GPT-5.5 Surprises by Outperforming Claude Fable 5

The Rise of Agents' Last Exam

The University of California, Berkeley has introduced a groundbreaking benchmark called Agents’ Last Exam (ALE), designed to evaluate AI's ability to perform economically valuable tasks. In a surprising upset, OpenAI's GPT-5.5 achieved a 24.0% pass rate, surpassing Anthropic's Claude Fable 5, which scored 22.0%. This shift marks a significant departure from traditional AI assessments, focusing on real-world applications rather than isolated coding challenges.

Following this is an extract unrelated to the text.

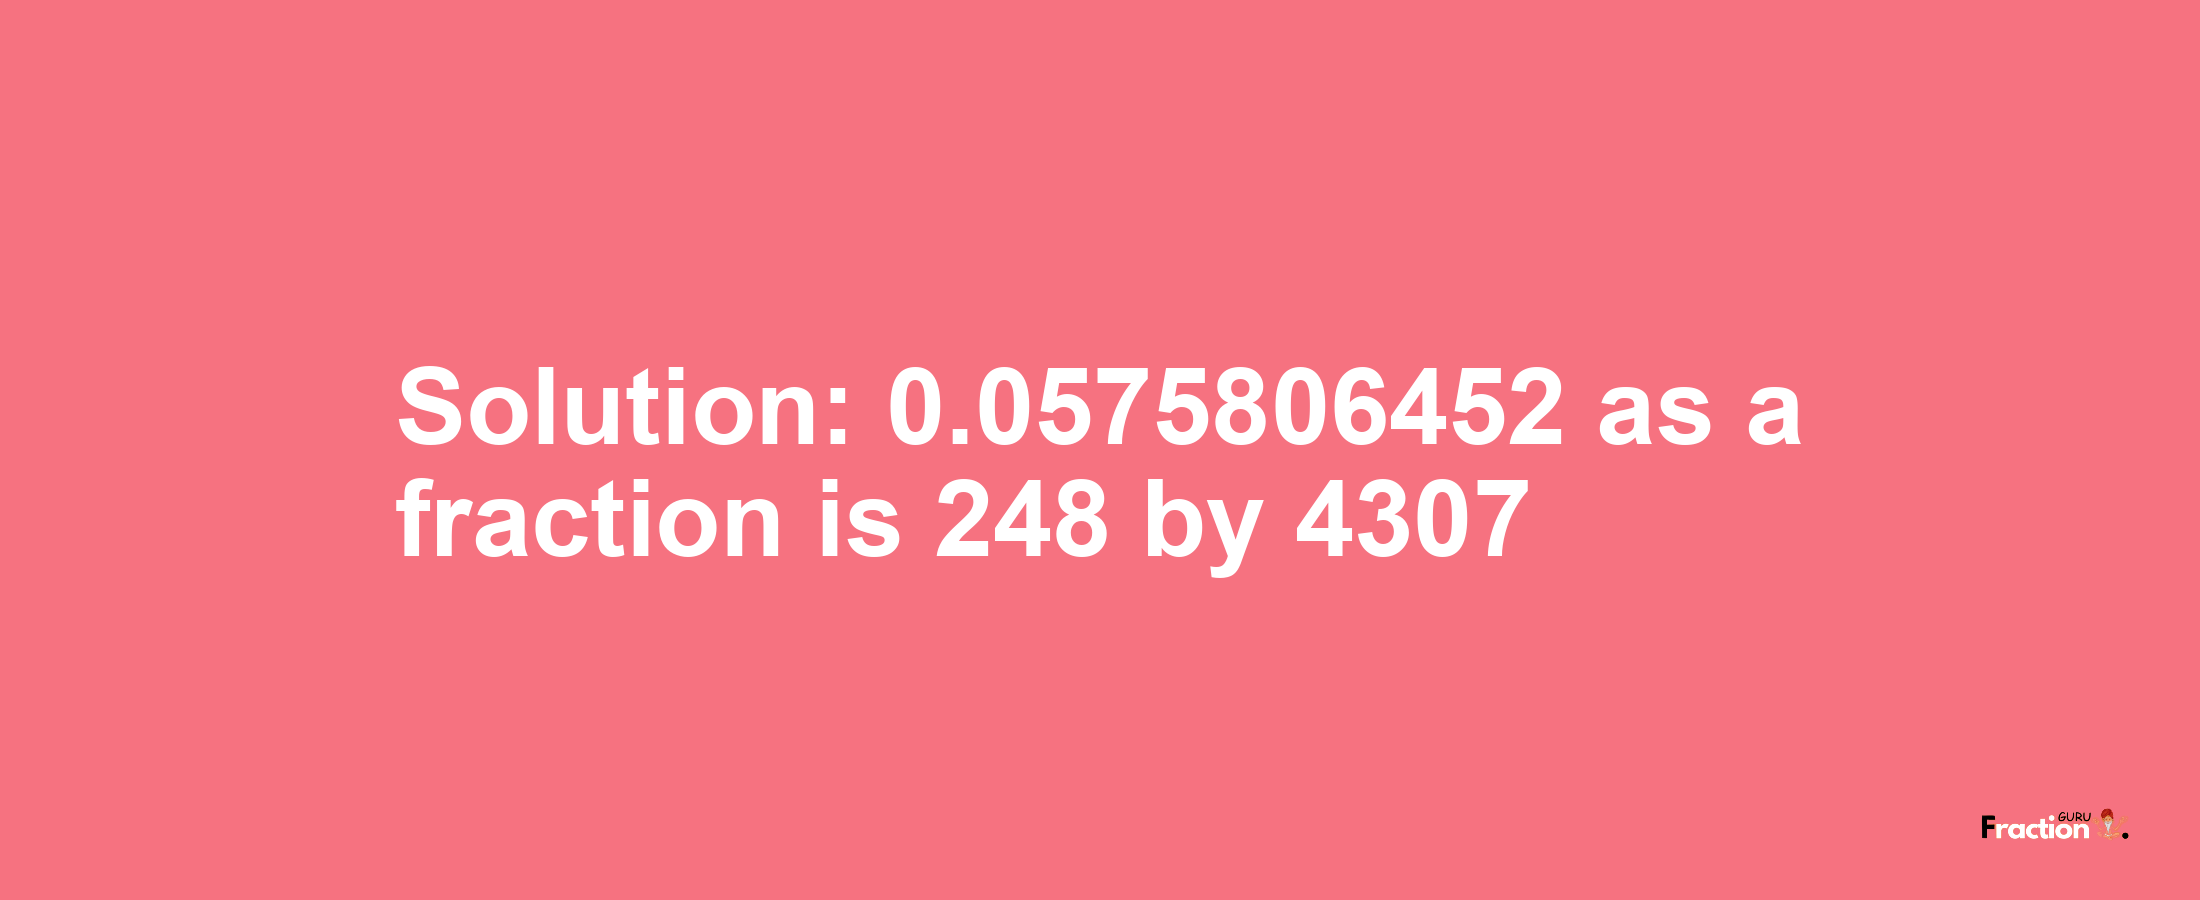 Solution:0.0575806452 as a fraction is 248/4307
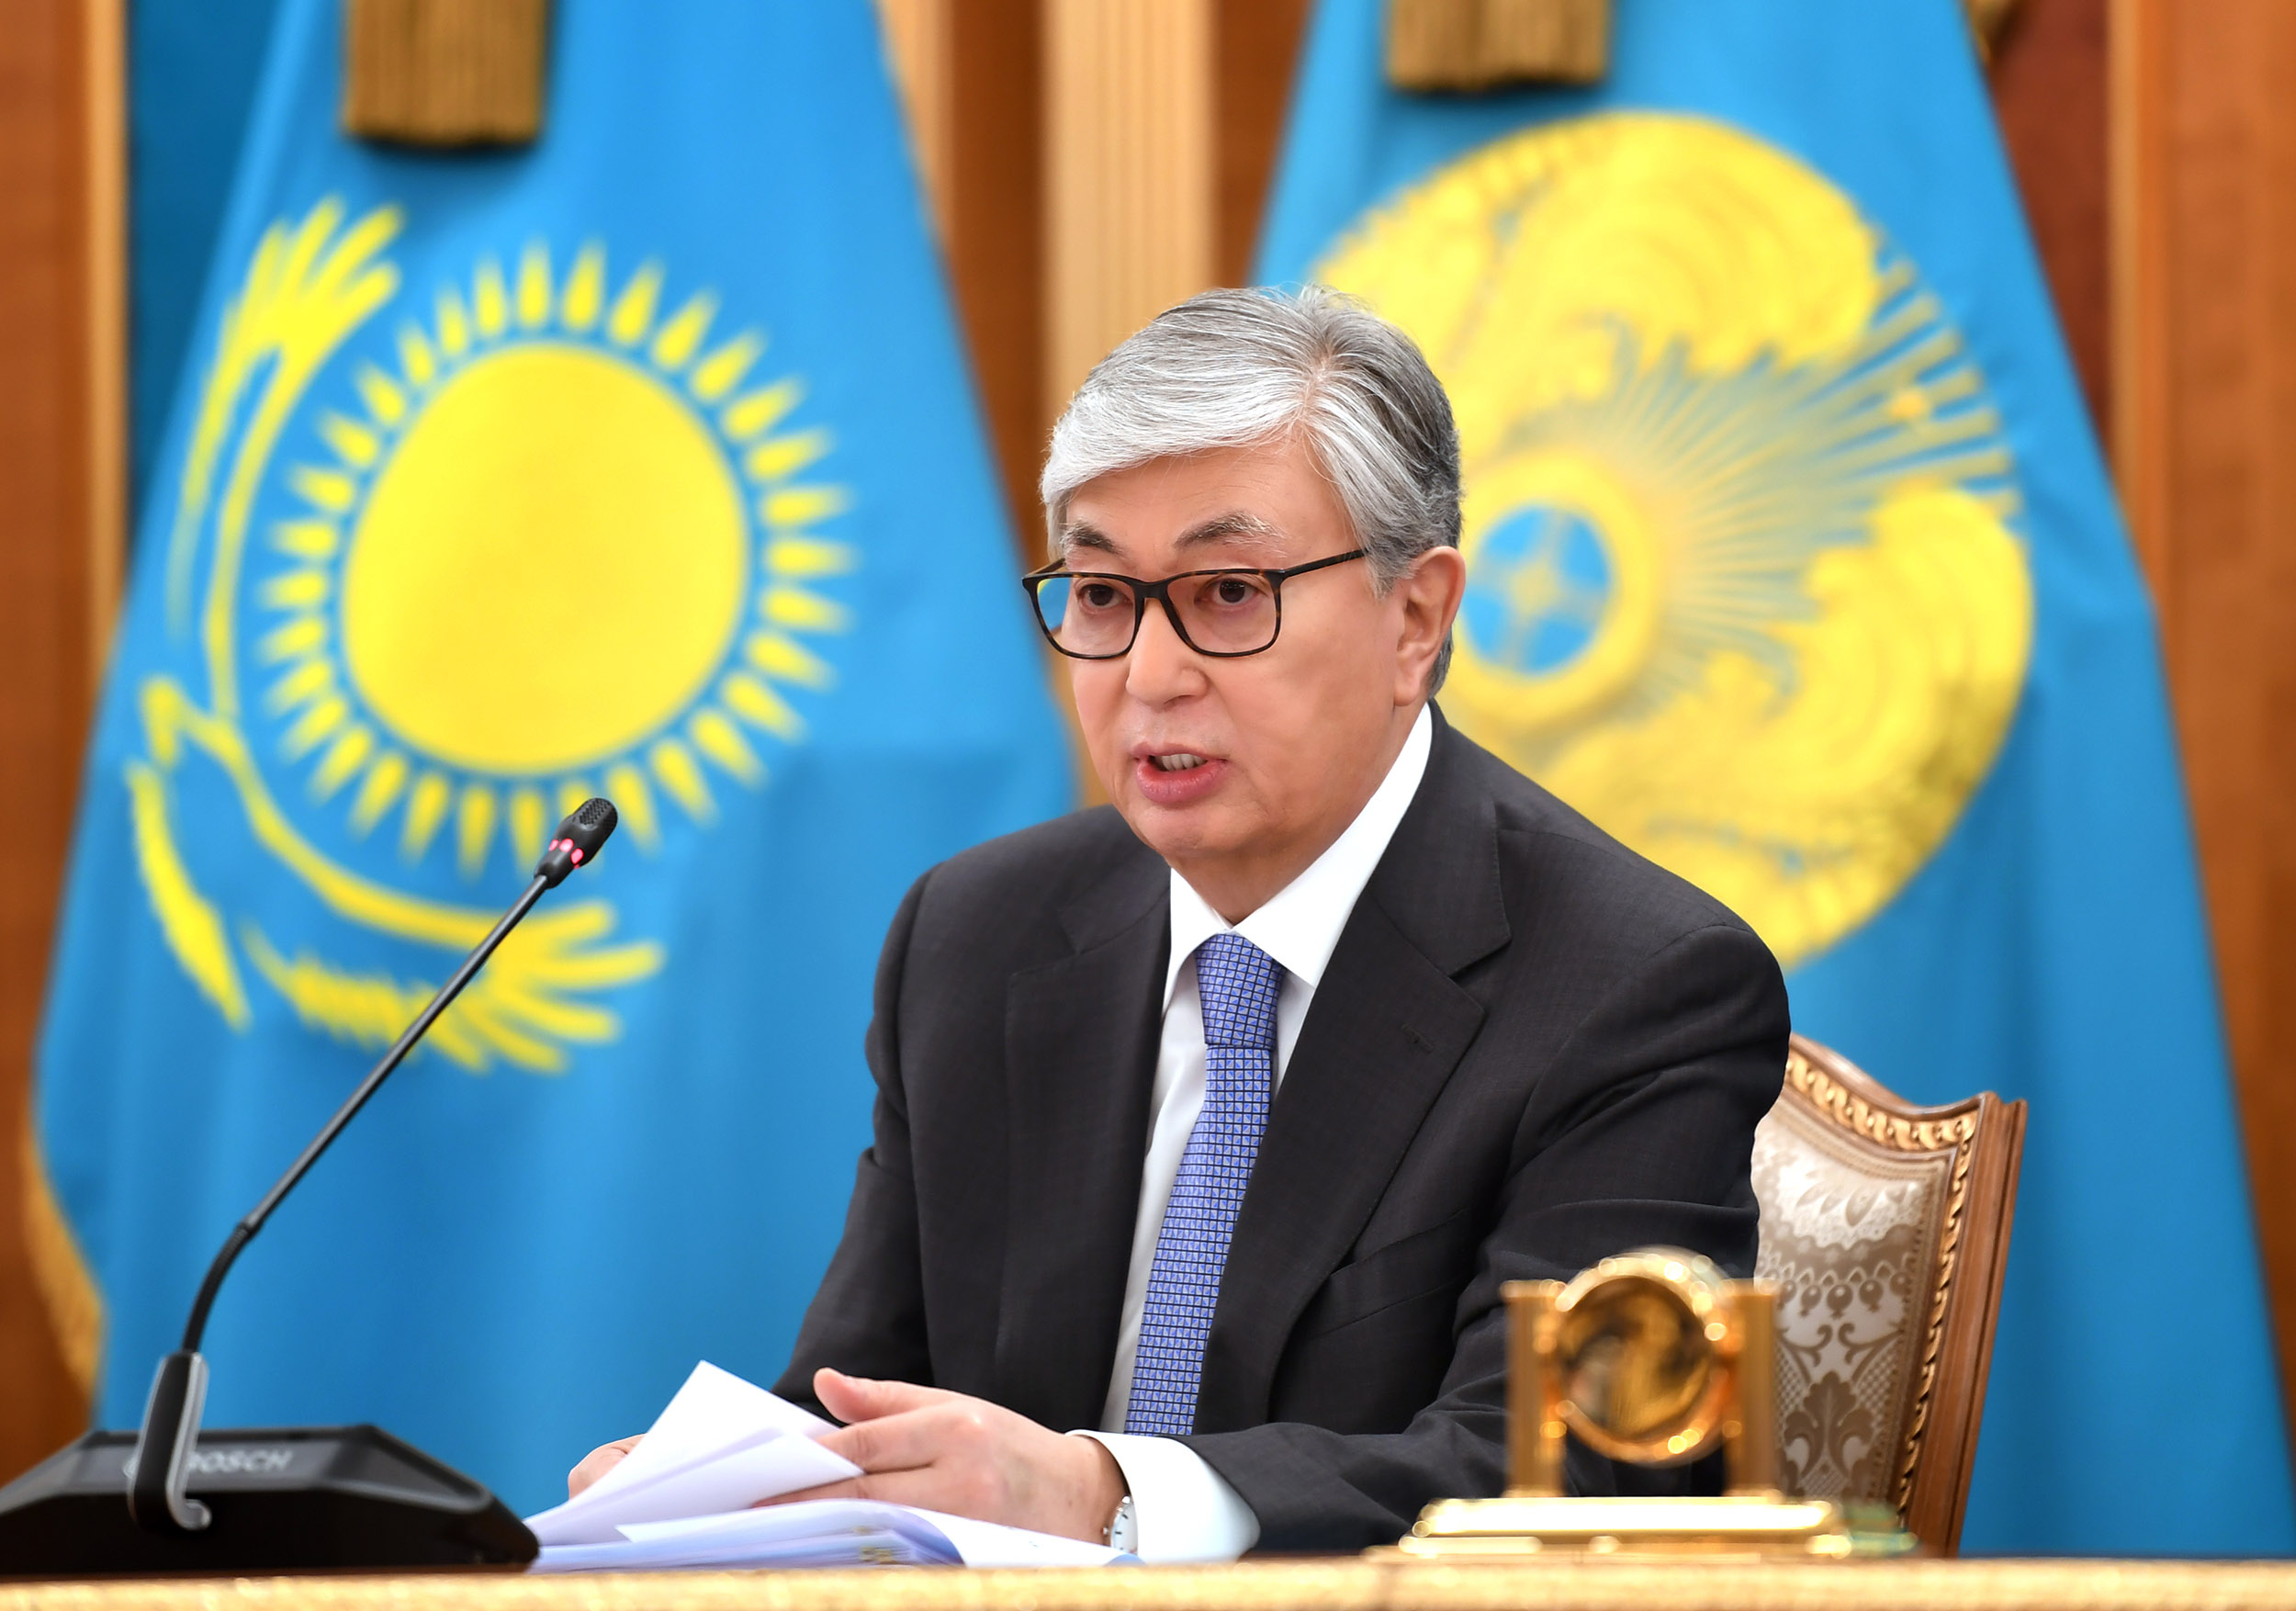 Kassym-Jomart Tokayev held a meeting of the Council of National Investors

ALE's innovative framework requires AI models to demonstrate capabilities across five functional layers: Brain, Eyes, Body, Hands, and Feet. This comprehensive approach ensures that models cannot simply rely on static question-answering but must engage in complex, multi-step interactions. By minimizing the reliance on subjective grading, ALE aims to provide a more accurate reflection of an AI's practical abilities in various professional workflows.

# Key Features of ALE

1,490 task instances, with plans to expand to 5,000.
Focus on real-world tasks relevant to U.S. federal standards.
Strict evaluation criteria to eliminate loopholes in grading.

As AI continues to evolve, benchmarks like ALE will play a crucial role in determining which models can truly deliver value in the workforce.